Now, “chemo-brain” is a more elusive potential side effect the medical professionals address more warily…….they suggest that it is fleeting for some, nonexistant for others, and perhaps an extension of one’s typical “space cadet” status….  Oh dear.  I have to write lesson plans for 18 weeks for two new classes I am teaching next year.  I feel added pressure now to get to it, before any of these side effects intensify…….which apparently all have the likelihood of  culumitive annoyance…..the longer on chemo, the worse the side effects get.

But, at this point in time, these are only my “worries” not my realities.  I will follow the directions of the nurses, number one of which is a minimum of 15 minutes of exercise a day.  (Cool-Paula, are you listening?  That means a walk tomorrow morning!)

BTW, my hand where the IV went in, is still beautiful.  Dr. Schott, you were right, your nurses (in this case, Nurse Nancy) are very very good!

Funny thing that happened yesterday at the Cancer Center.  Suddenly I felt kind of luckey….a lot of people who appeared to be younger than me, looked to be a whole lot worse.  And then there were the children with pretty little bald heads.  Then you know getting cancer is just something that happens.  It is my job to get over it, and work to help educate others and support those who support us.

chemo cocktails at 8, don’t be late

June 19, 2009

Well, here I am in a lovely and comfortable bed at U of M Infusion Unit, and have just received the cytoxin in my IV line.  This is my second IV drug, I began at about 5:15 pm with Taxotere, but immediately had a flushy-throbbing reaction.  The quick reaction time of the nurses is quite admirable…… nurse Nancy came in quickly to stop the infusion, and called Dr.
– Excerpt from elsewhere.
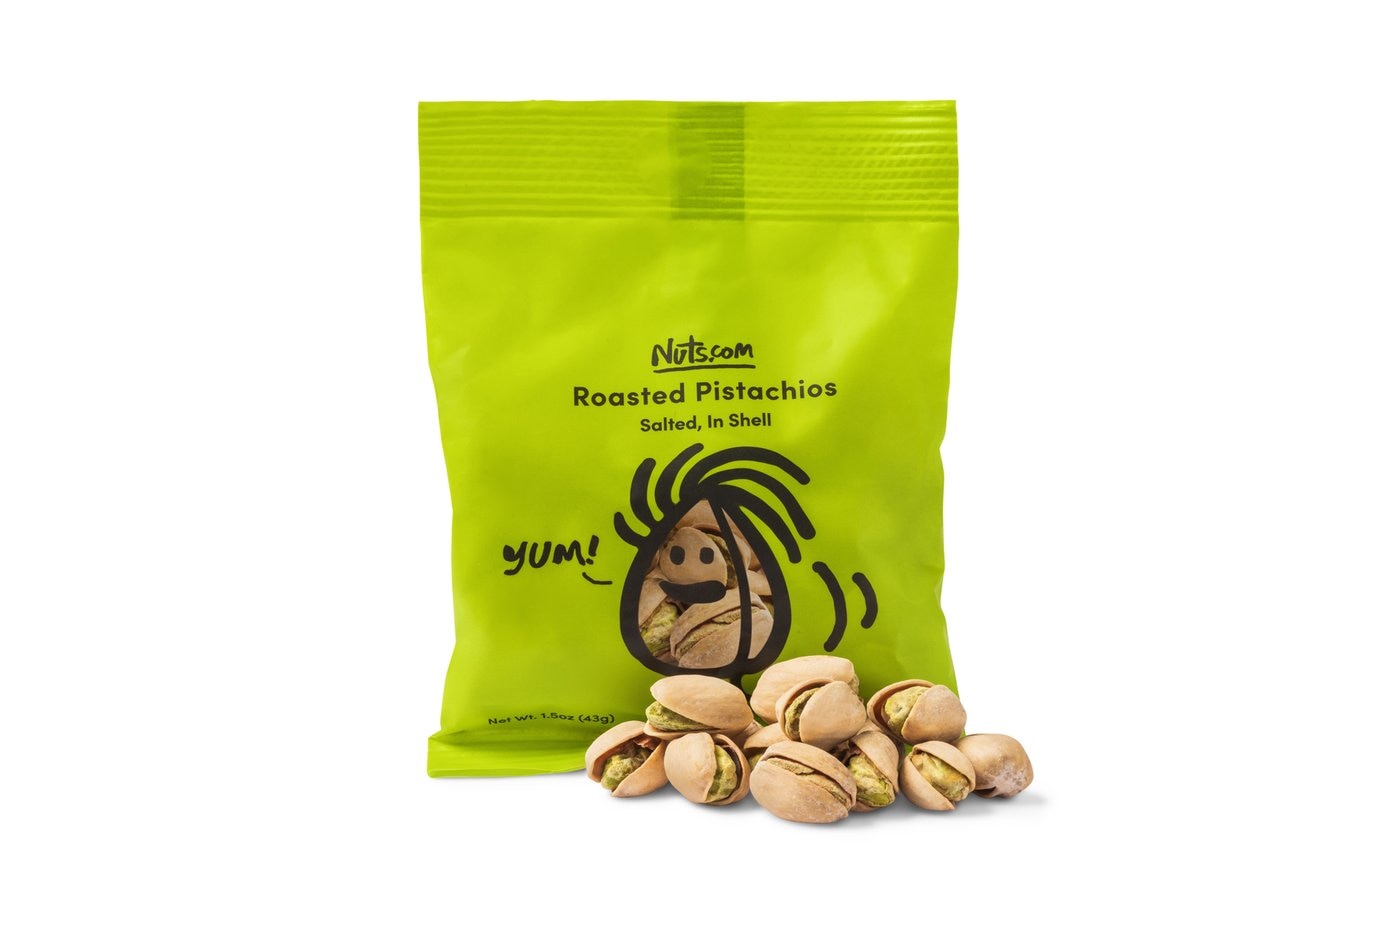 Roasted Pistachios (Salted, In Shell) - Single Serve photo

S for further directions.  She was back within ten minutes and added a counteracting med to my line and then s-l-o-w-l-y resumed the infusion.  That time it was OK.

So far I have watched a few videos on “TED”**, dozed off a little, and talked to Lou and Bill, my “chemo-buds” for the day.  This, so far, is not too bad.  I think the next few days will tell how well I handle the potential side effect of nausea.  Jane, the nurse practicioner for  my Doc made it very clear to me that if any of my nausea meds don’t “do the trick”, I am to call her right away so she can prescribe something different, something that will work for the unique set of systems that is me.  This exact sentiment has been reiterated several times throughout the day, if I feel ANY side effects, I am to call, they want to know.  I don’t know if all medical centers are this responsive to their patient needs, but I have a lot of positive things to say about my experience here so far at University of Michigan.

It is about 9:15 and Nancy said I am almost done so I will publish this post.  So far, so good!  Keep your fingers crossed for me!!

By the way, Nancy had no problem putting the IV in my vein.  She easily choose a vein in my hand, and painlessly inserted the IV.  NO PORT NECESSARY (so far anyways.)